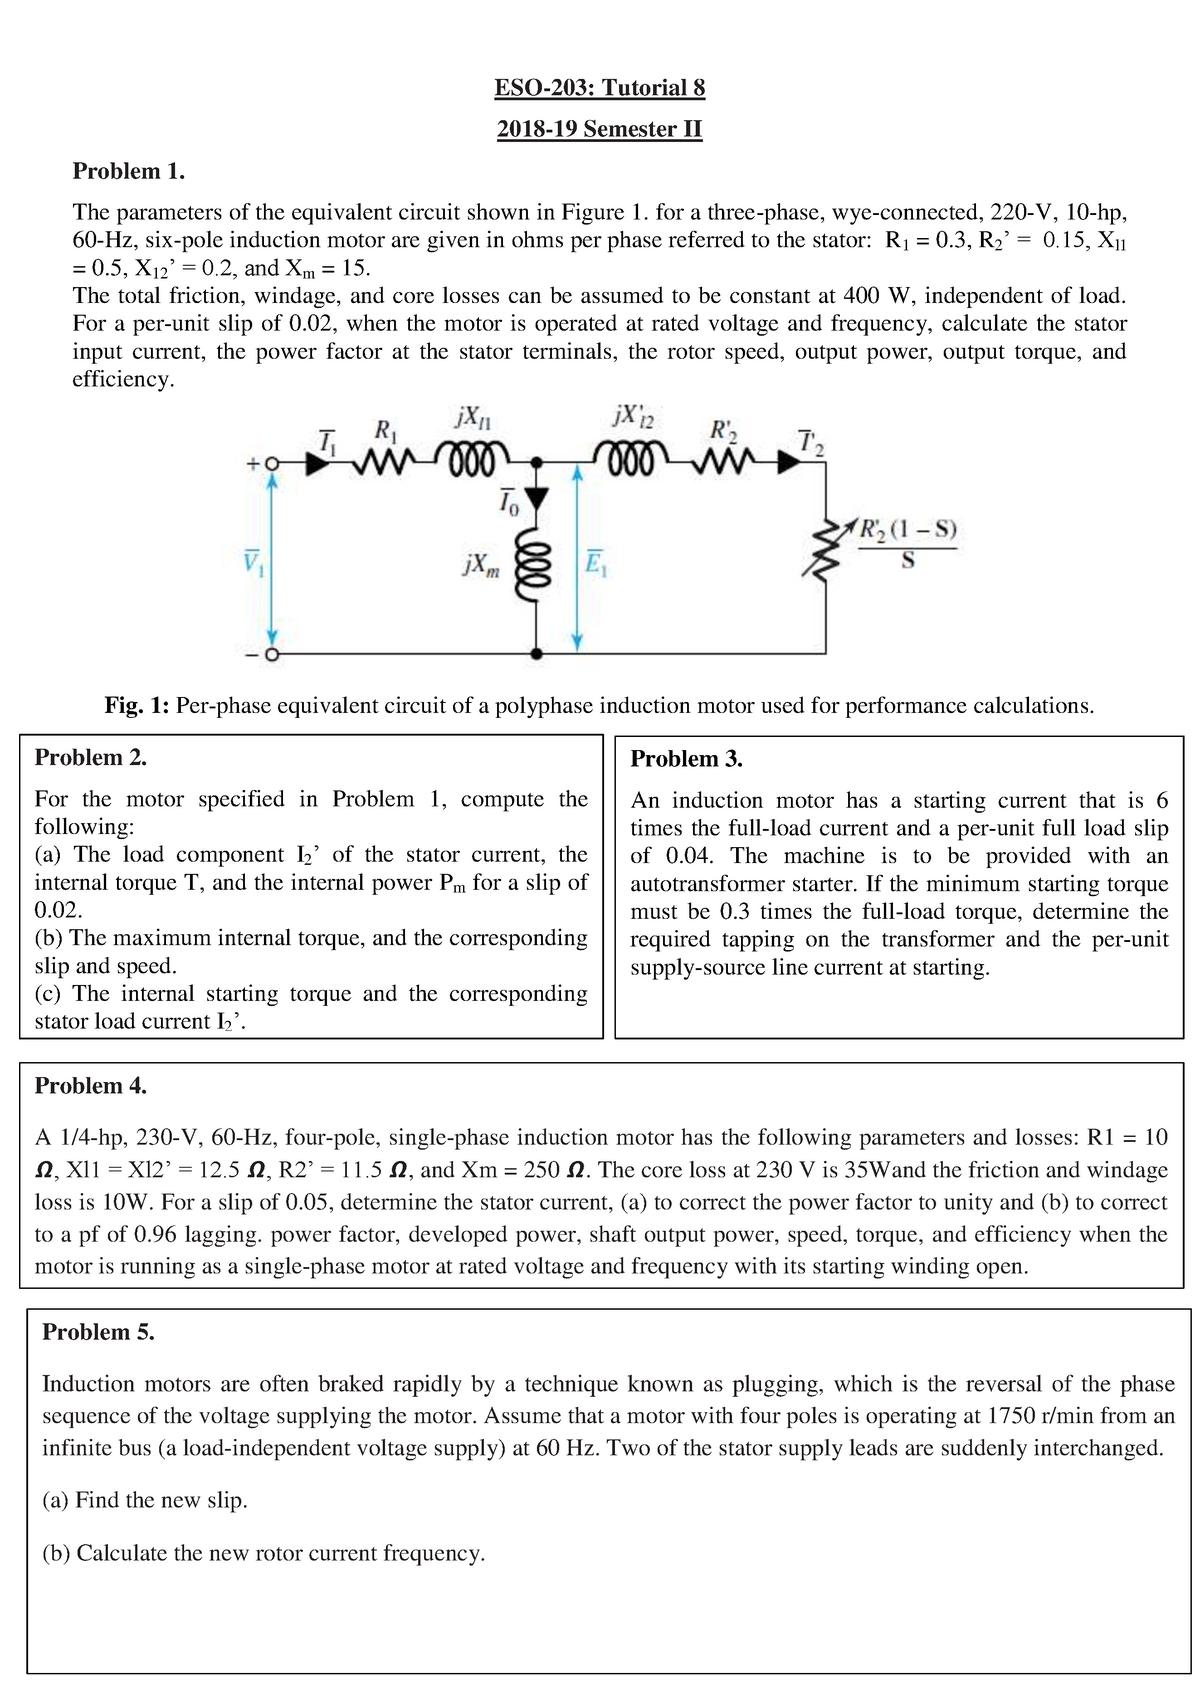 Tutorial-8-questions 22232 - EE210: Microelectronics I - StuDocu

==

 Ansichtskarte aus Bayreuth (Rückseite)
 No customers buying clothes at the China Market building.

---

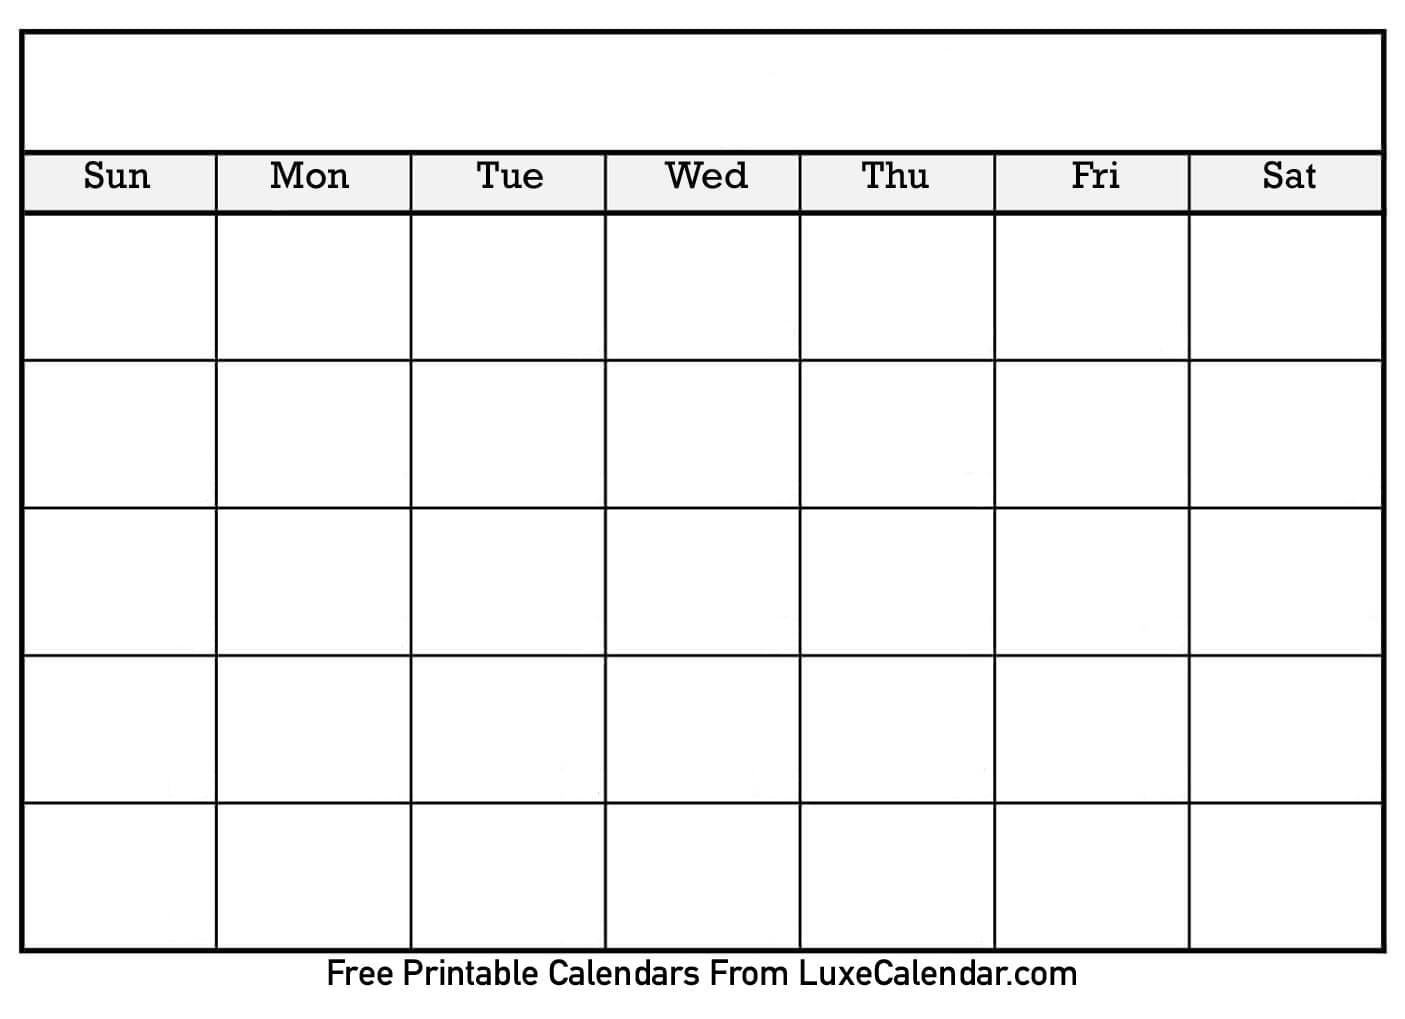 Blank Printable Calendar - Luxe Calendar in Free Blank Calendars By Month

(Problem requirements) Only the lines above from the one with "Ansichtskarte aus Bayreuth (Rückseite)" through the one with "No customers buying" should be duplicated, character for character.

(Solution to this task)
 Ansichtskarte aus Bayreuth (Rückseite)
 No customers buying clothes at the China Market building.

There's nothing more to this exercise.